Углубляющаяся водная небезопасность в Центральной Азии, воспринимаемая как краткосрочная экологическая угроза, в средне- и долгосрочной перспективе может привести к структурным сдвигам, затрагивающим как региональную архитектуру безопасности, так и глобальное геополитическое равновесие. Изменение климата, рост населения и разрушение водной инфраструктуры, доставшейся в наследство от постсоветского периода, побуждают страны “C5” к принятию срочных и устойчивых мер, тогда как распределение воды между этими государствами приобретает всё более стратегический и конфликтный характер. Параллельно с этим, внешние вмешательства –такие как китайские гидротехнические проекты и афганский канал Коштепа– превращают воду не только в дефицитный ресурс, но и в главный инструмент регионального соперничества. Отказ Москвы от предложений по переброске воды из сибирских рек и её трактовка водного кризиса как не только технической, но и политико-стратегической проблемы, увеличивают вероятность того, что страны региона будут ещё теснее сотрудничать с Китаем и глобальными институтами развития. Как отмечает Jamestown Foundation, неспособность урегулировать водный кризис может привести к волнам массовой миграции из Центральной Азии в Россию, угрожая не только этническому балансу, но и внутренней политической стабильности.

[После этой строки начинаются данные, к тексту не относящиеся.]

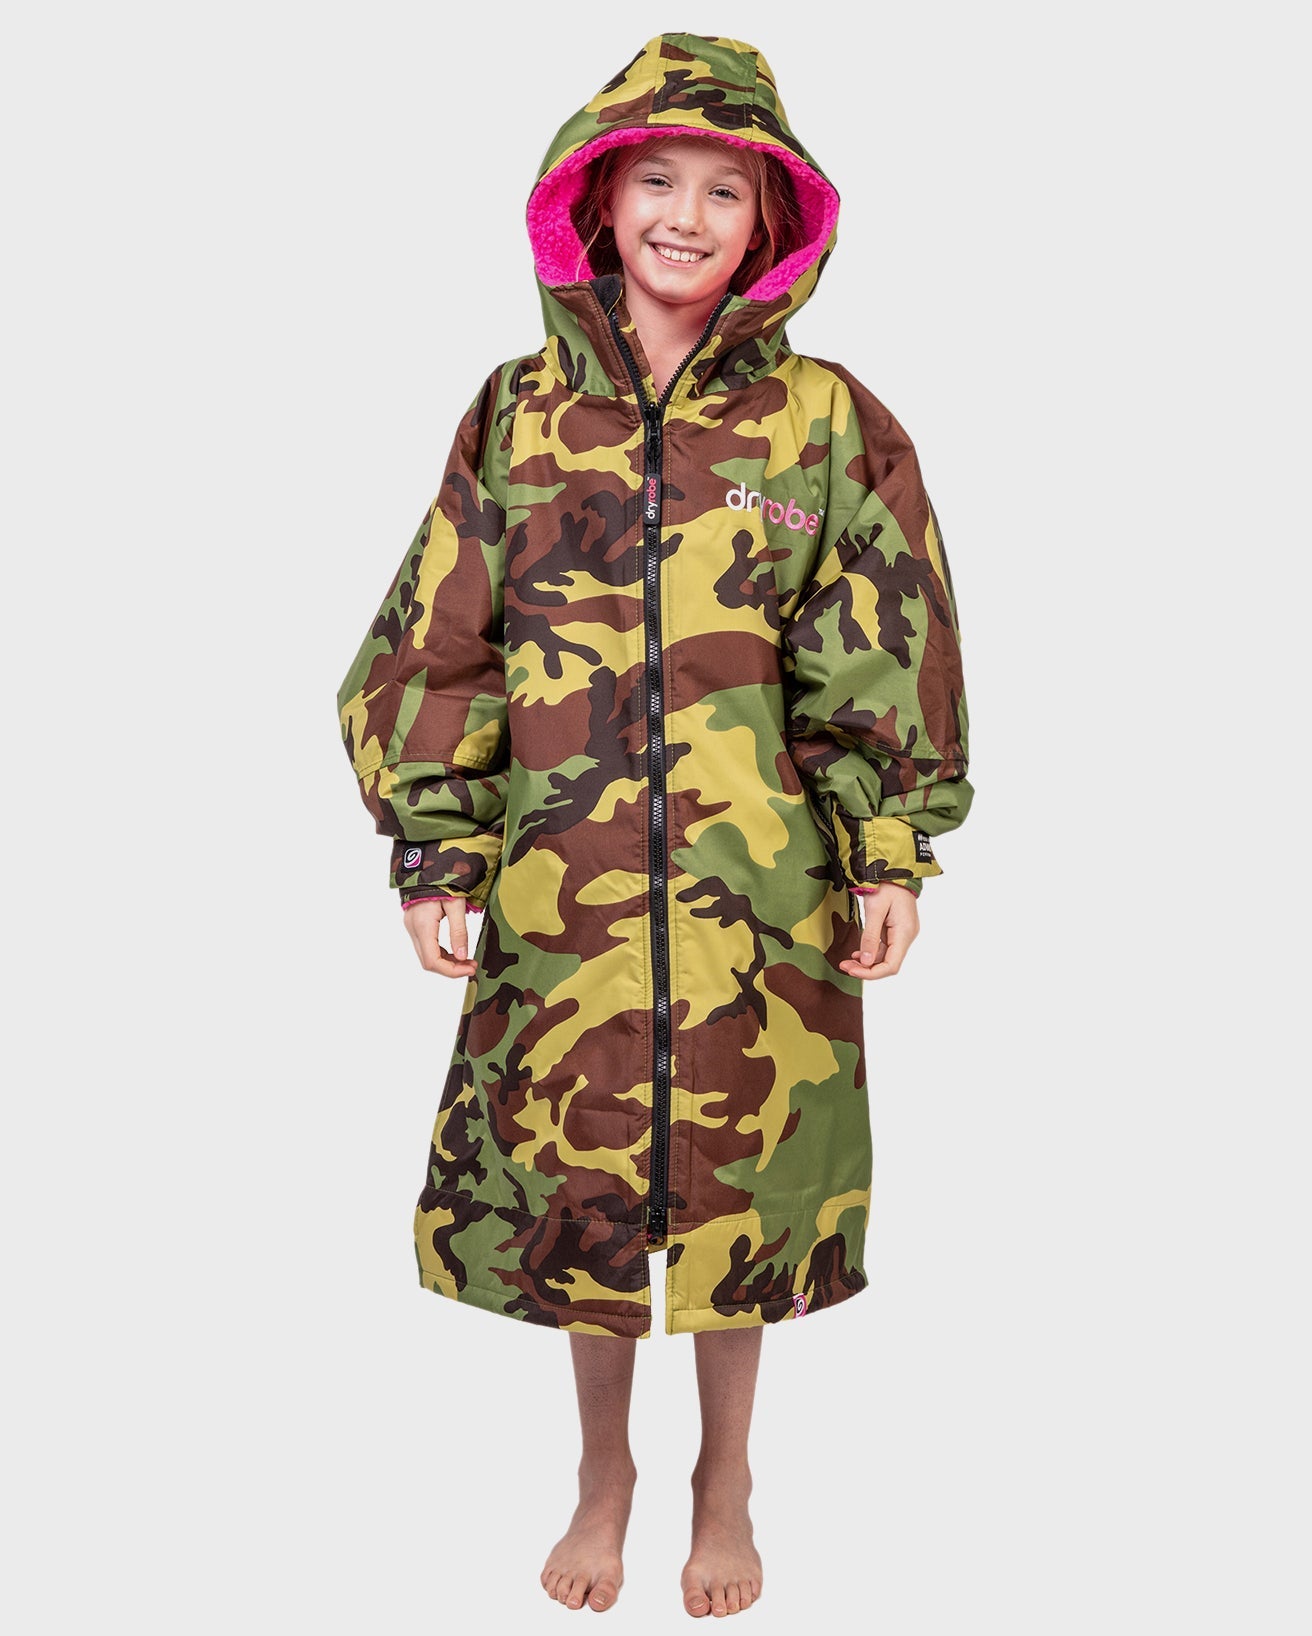 1|Girl smilng wearing Camo Pink dryrobe® Advance Kids Long Sleeve with hood up

В конечном итоге водная небезопасность в Центральной Азии, в сочетании с изменением климата, ростом населения и распадом инфраструктуры советского наследия, превратилась из экологической проблемы в вопрос геополитической безопасности. Распределение воды между странами “C5” углубляет региональную несогласованность; такие внешние факторы, как проекты плотин Китая и канал Коштепа в Афганистане, ещё больше усложняют проблему. Россия же рассматривает эти события как многоплановый риск, угрожающий как её региональному влиянию, так и внутренней стабильности. В ответ на запрос о переброске воды из сибирских рек Москва ссылается на внутренний водный кризис и экономическую нагрузку, занимая выжидательную позицию. Это расширяет поле влияния таких акторов, как Китай. Если Россия не сможет превратить свой технический потенциал в конструктивное региональное сотрудничество, она может не только утратить влияние в Центральной Азии, но и столкнуться с кризисами безопасности и общественной стабильности к востоку от Урала.
[1] “Water Insecurity in Central Asia”, Atlantic Council, https://www.atlanticcouncil.org/event/report-launch-water-insecurity-in-central-asia/, (Дата обращения: 08.07.2025).
[2] “Water Crisis in Central Asia: from Diagnostic Assessment to Decisive Action”, Eurasian Development Bank, https://eabr.org/en/press/news/water-crisis-in-central-asia-from-diagnostic-assessment-to-decisive-action, (Дата обращения: 08.07.2025).
[3] Genzia Fides, “Strany Tsentralnoy Azii Stremyatsya Sokhranit Vodnyye Resursy”, Check Point, https://check-point.kz/publication?id=6128, (Дата обращения: 08.07.2025).
[4] Paul Goble, “Central Asia’s Water Crisis Becoming Russia’s Problem”, The Jamestown Foundation, https://jamestown.org/program/central-asias-water-crisis-becoming-russias-problem/, (Дата обращения: 08.07.2025).
[5] “Vodnyy Krizis v Tsentralnoy Azii. Vlasti Regiona Vnov Predlagayut Ispolzovat Vodu Sibiri”, Podrobno, https://podrobno.uz/cat/world/vodnyy-krizis-v-tsentralnoy-azii-vlasti-regiona-vnov-predlagayut-ispolzovat-vodu-sibiri/, (Дата обращения: 08.07.2025).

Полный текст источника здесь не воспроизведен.